In this light, and as the grandson of a Ukrainian priest and ardent nationalist (in the good sense of nationalism), I found the above graphic instantly fascinating—and terribly disheartening—when it passed through my Facebook news feed on March 30. On multiple subliminal levels it conveys a forceful, unmistakable message: Sexual minorities have no place in 21st-century Ukrainian nationhood and culture.

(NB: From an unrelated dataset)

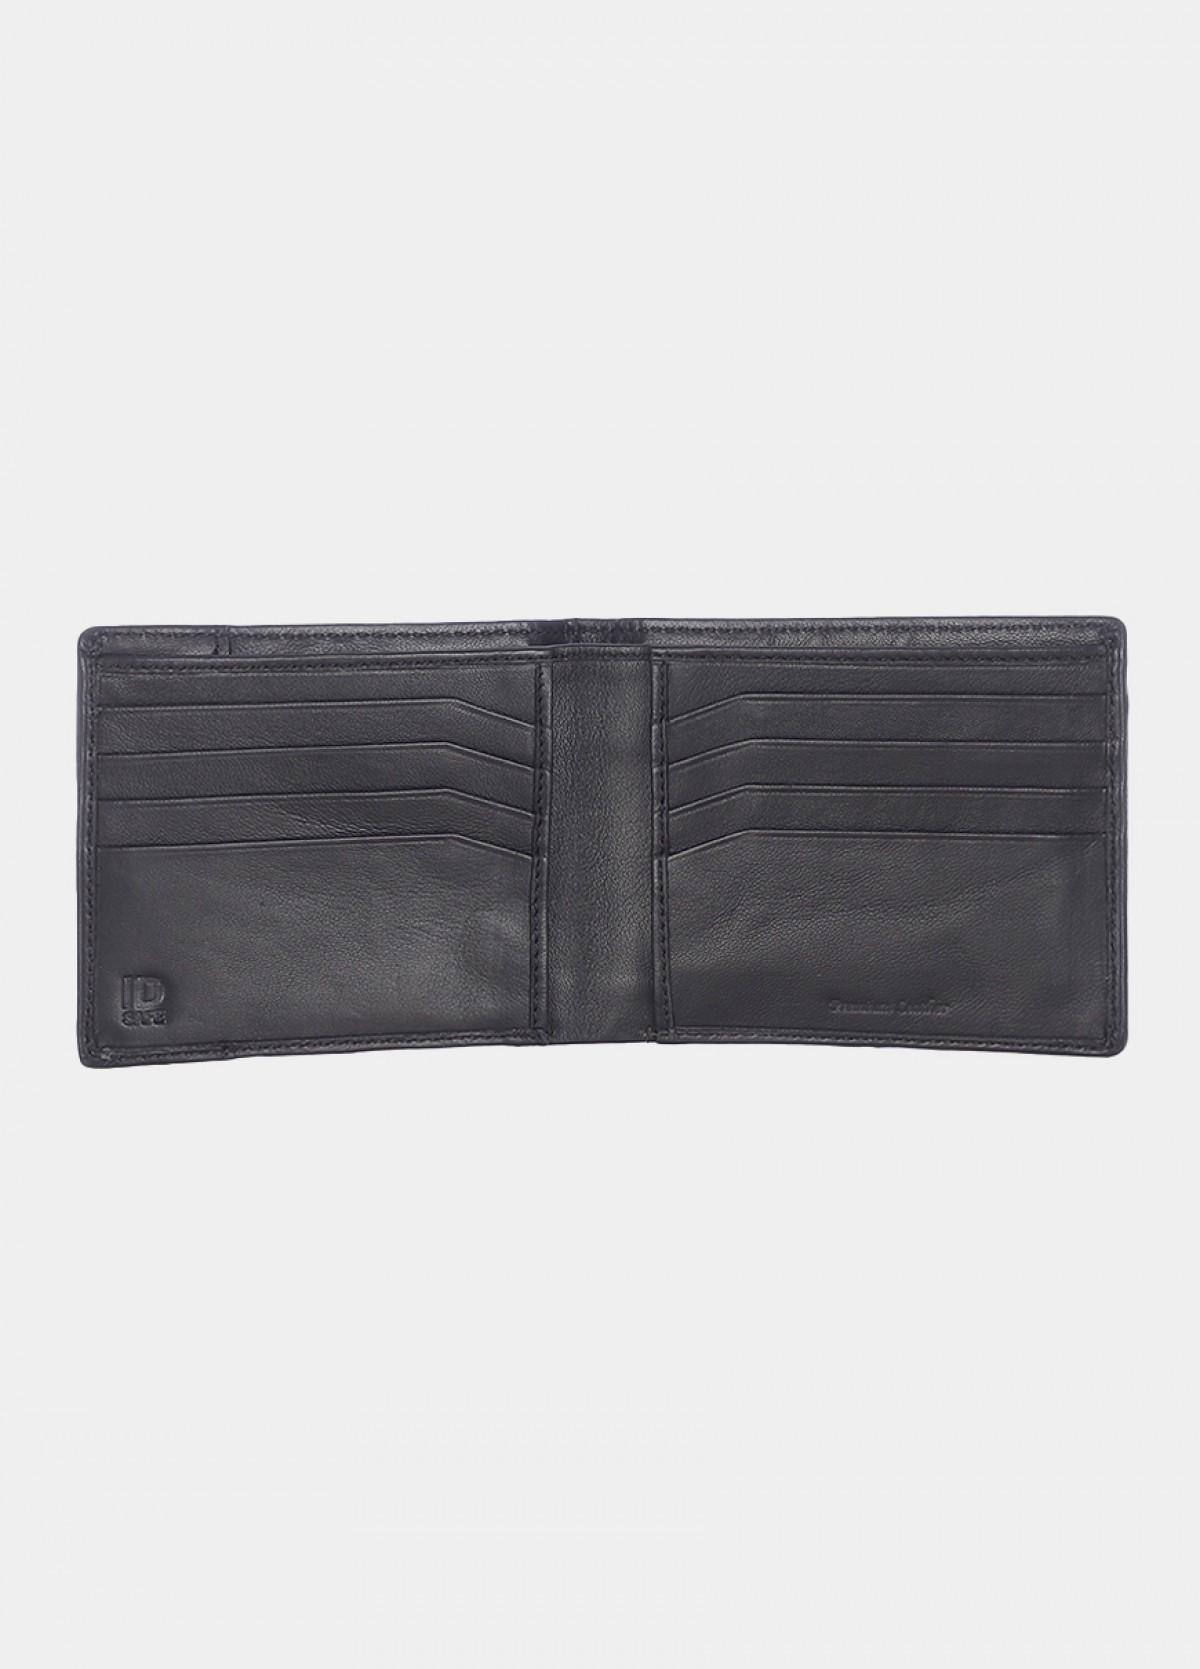 Him & The City Men's Black Bi-Fold Wallet

I offer the following deconstruction of this graphic:

  1. Almost the entire graphic is the colour of the Ukrainian flag, blue and gold. The blue represents the sky, and the gold, the wheat-covered steppes of “the breadbasket of Europe.”
  2. Against the backdrop of the national flag, the central figures—their very bodies and clothes drawn in the national colours—represent an ideal of Ukrainian masculinity and Ukrainian femininity. The embroidered costumes, the position of the bodies, the woman’s hair portray a distinctly Ukrainian couple engaged in a distinctly Ukrainian performance of gender, i.e., a traditional Ukrainian dance for two.
  3. Excluded from Ukrainian citizenship—not only by the international prohibition sign but also by the use of black and grey instead of blue and gold—and excluded from any recognized place in Ukrainian culture by their reduction to universal washroom door figures, two same-sex couples and two bisexual threesomes are banished to the margins of the picture…and the margins of Ukrainian society.  
  4. The artist projects no possible moral distinction between a same-sex couple and a threesome.
  5. Although the picture contains no religious symbology, Ukraine is a majoritarian Orthodox country with a higher percentage of actual churchgoers than its much larger Orthodox neighbour to the northeast.

On May 15 Orthodoxy in Dialogue published Amnesty International’s “Ukraine: Attack on LGBTI Event Highlights Police Failure to Confront Far-Right Violence.” Those of us who find ourselves on the receiving end of some form of discursive or physical violence can vouch for the line that often runs straight from the former to the latter. This is to say that, while our graphic does not constitute an actual incitement to physical violence, the connection is no less clear to the perpetrators of violence than it is to their victims.

The Orthodox Church in the West has an opportunity to witness to our brothers and sisters in historically Orthodox societies concerning not only human rights but also basic Christian love and decency towards all persons created in the image of God. Will we rise to the occasion?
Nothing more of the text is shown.